Боялся ли я? Помнится, не очень, просто сердце в первую ночь постукивало чаще обычного. Смелость это? Конечно, нет. Это всего лишь уверенность юности в своем бессмертии. Да, первую ночь я почти не спал, зато вторую дрых за милую душу. Немцы стреляли редко и, как мне казалось, куда-то в другую сторону.
На другой день, уже под вечер, случилось событие, во многом, как я понял впоследствии, изменившее мою судьбу. Мы торчали в этом окопе, когда пришел немолодой – впрочем, в то время все мне казались немолодыми – лейтенант, командовавший участком.
– Выводи отделение, – сказал он. – В распоряжение командира поисковой группы.
– Немцы десант сбросили, – объяснил мне старший сержант-сверхсрочник, в распоряжение которого я поступил со своими восемью бойцами. – Мостик в деревне перекроешь на всякий случай.
Многое забылось, а его я помню. Сначала думал, что он стоит перед глазами потому, что вооружен был немецким автоматом, а потом понял: нет, не поэтому удержала его моя память. И не память удержала его ничем не примечательный облик, а – благодарность. Увидев подкрепление из восьми необстрелянных мальчишек, он отправил нас охранять никому не нужный мост. Подальше от немецких диверсантов. С надеждой: авось уцелеют.
Деревенька оказалась небольшой, но весьма гостеприимной. Она стояла на крутом откосе маленькой топкой речушки, через которую был переброшен деревянный мост к исчезающей в лесу за полями проселочной дороге. Нас встретили как дорогих защитников, кормили картошкой и поили молоком. Я ел с удовольствием, но был настороже, поскольку ясно расслышал намеки на самогонку. Из-за этих намеков мои ребята самовольно решили ночевать в деревне, но я впервые в жизни разорался, помянул о трибунале и в конце концов настоял на своем. Я очень боялся, что мое войско, откушав самогонки, разбежится по сеновалам, почему и заставил-таки их выполнить мой приказ. И они, ворча, пошли за мной. Под ракиты на противоположном берегу. Но самогонку все же пронесли, поскольку долго веселились и хохотали, так и не выполнив моего приказа выставить на ночь часовых.
Это я выяснил, проснувшись ночью в полной темноте. Было тихо, неподалеку, на западе, изредка взлетали осветительные ракеты, еще реже – трассы коротких пулеметных очередей. Я пересчитал своих сладко спящих ребят и опять завалился под кривую ракиту.

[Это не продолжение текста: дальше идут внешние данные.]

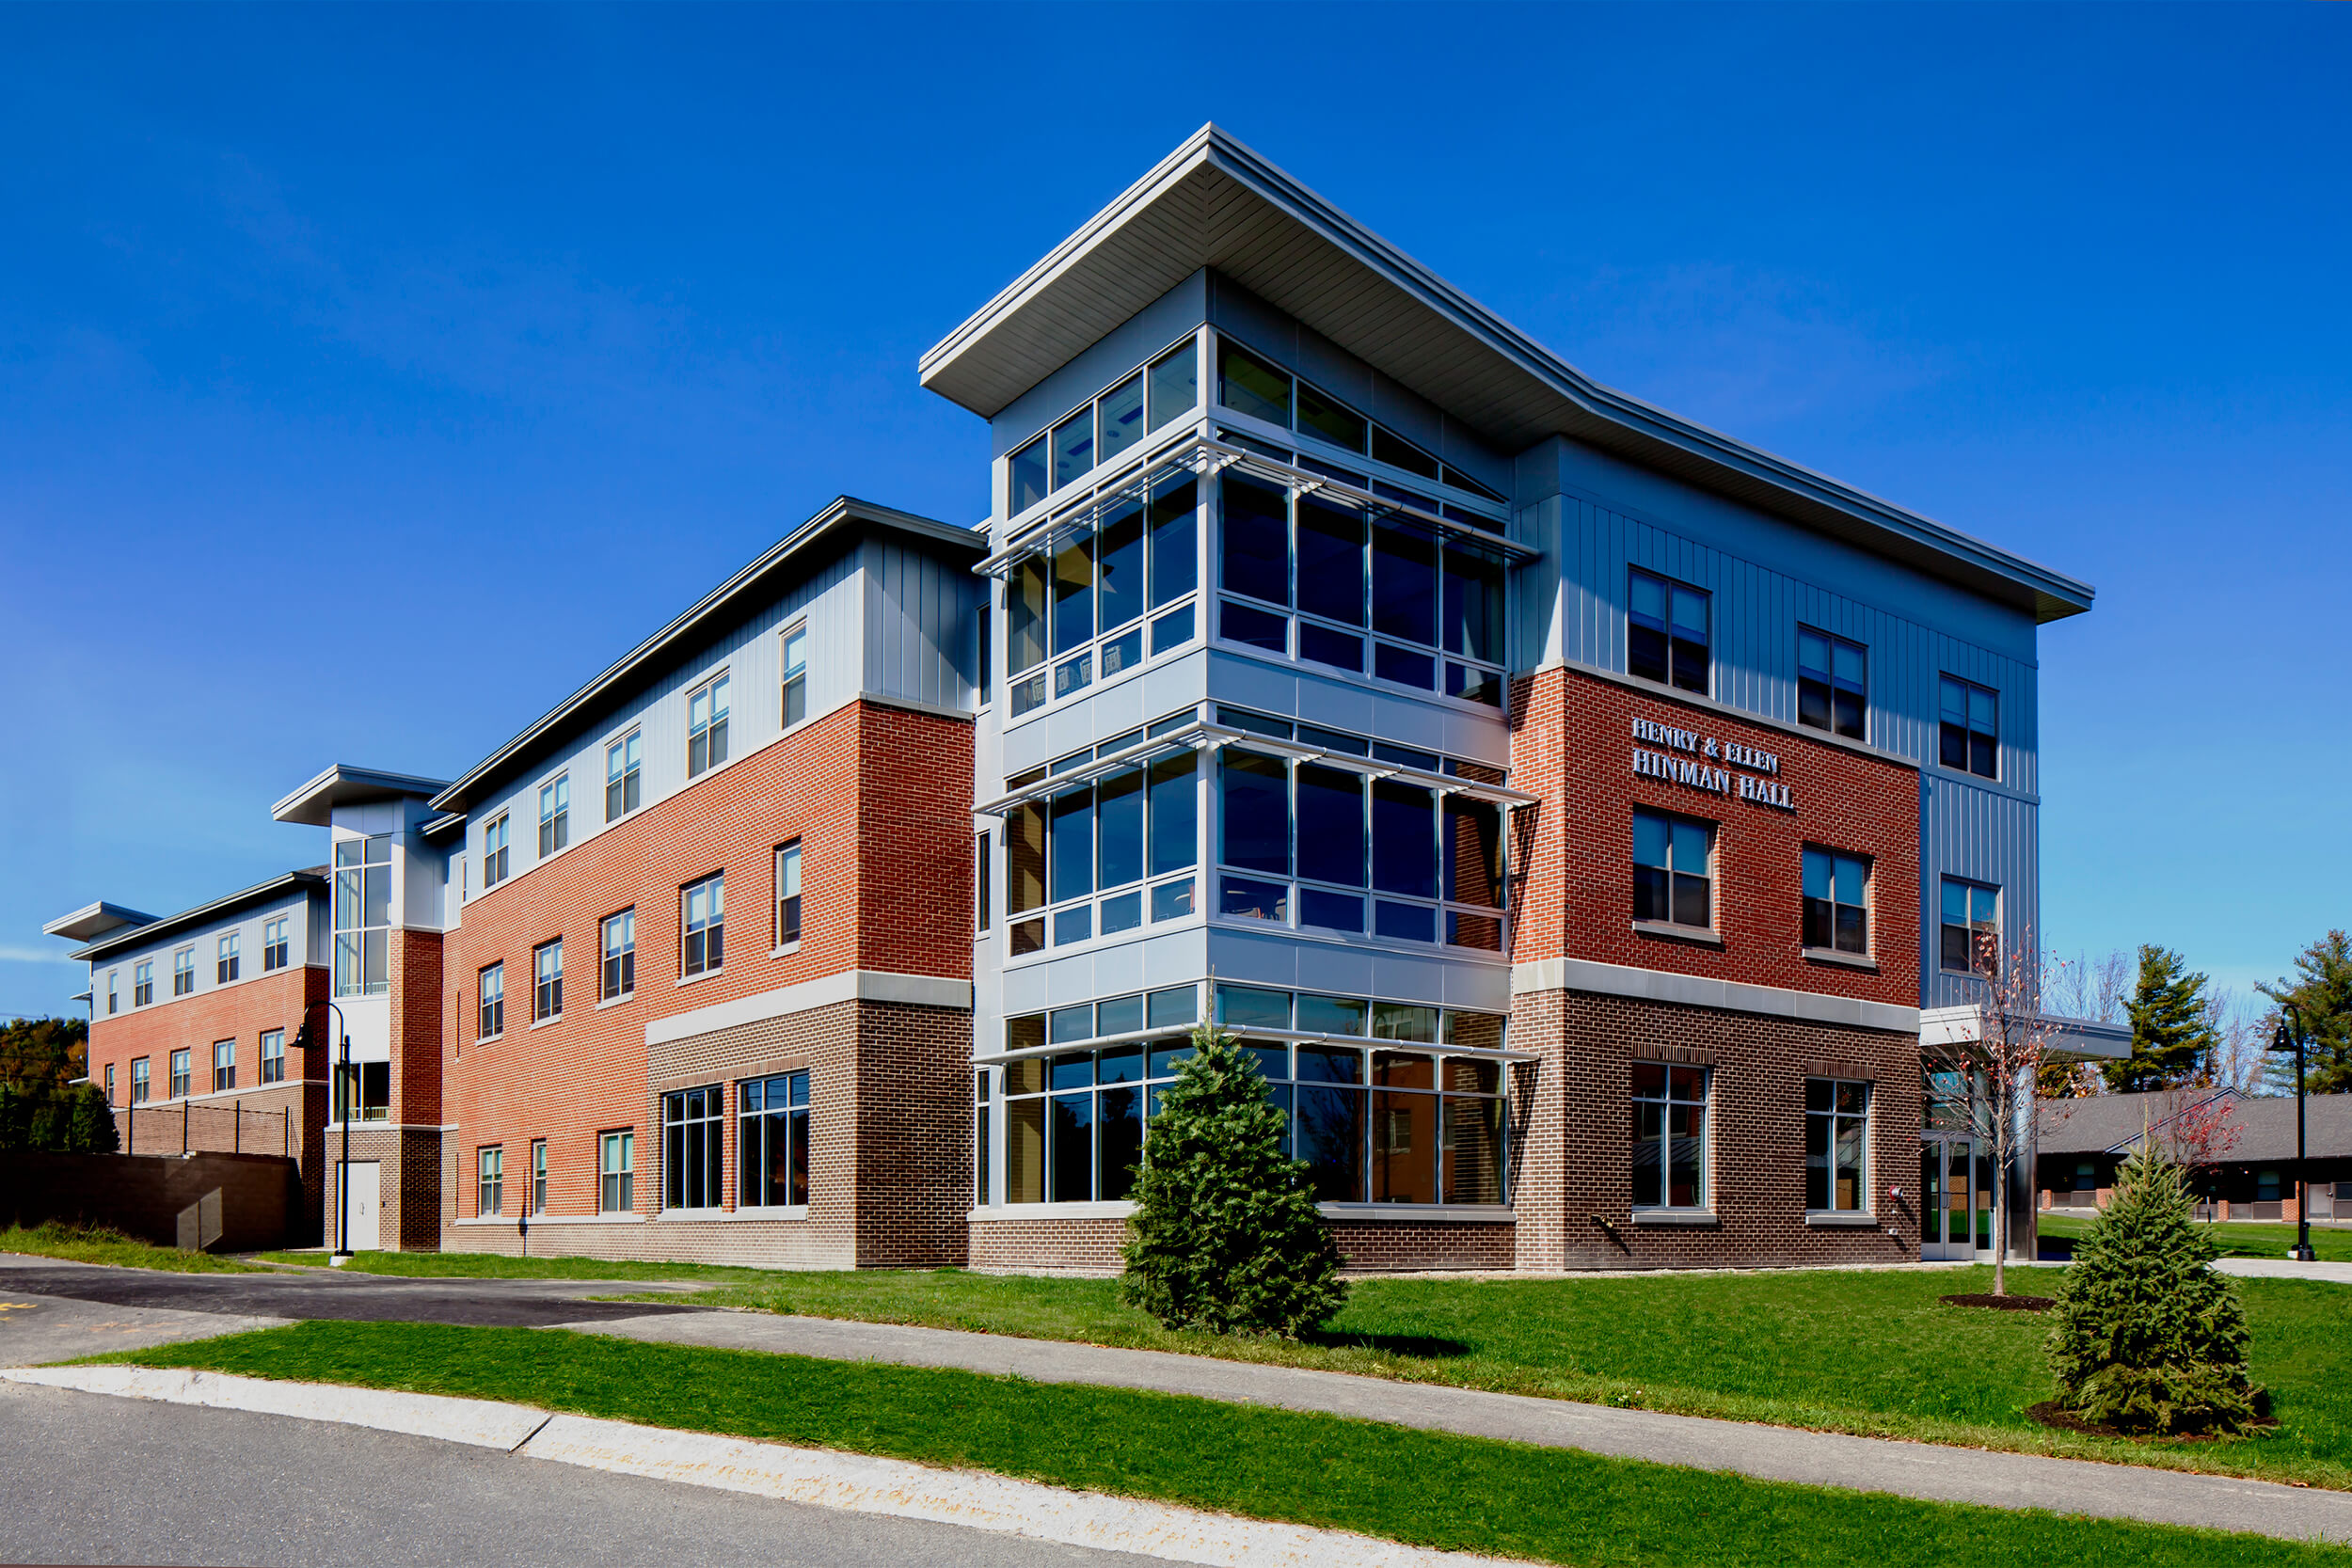 Exterior daytime photo of a college campus student residence building. The building features multiple stories and a brick facade with the axis corner having large glass windows.

И, кажется, опять не видел никаких снов. А ведь наступало 12 июля.
* * *
Разбудил меня сплошной рев, в котором глохли все иные звуки. Мы вскочили, не соображая, что происходит. Над недалекой линией фронта небо полыхало разрывами, левее ее поднимался столб дыма: горел город Красный. Мы заметались перед мостом, криком решая, переходить его или нет, и решили уже, что надо бы перейти, но, на наше счастье, не успели. Сквозь рев ясно донеслись резкие отрывистые выстрелы танковых пушек, и из деревни к мосту побежали женщины и дети.
И мы побежали тоже. Побежали прямо по дороге, и я напрасно кричал, чтобы бежали напрямик, через луг. Я скорее почувствовал, чем понял, что если не танки, то немецкие мотоциклисты наверняка нацелились именно на эту дорогу. Меня никто не слушал, но тут по дороге дважды пальнули из танковой пушки, взметнулись взрывы, и это подействовало куда лучше всех моих истошных воплей. Все дружно свернули на луг и, путаясь в траве, бросились к лесу.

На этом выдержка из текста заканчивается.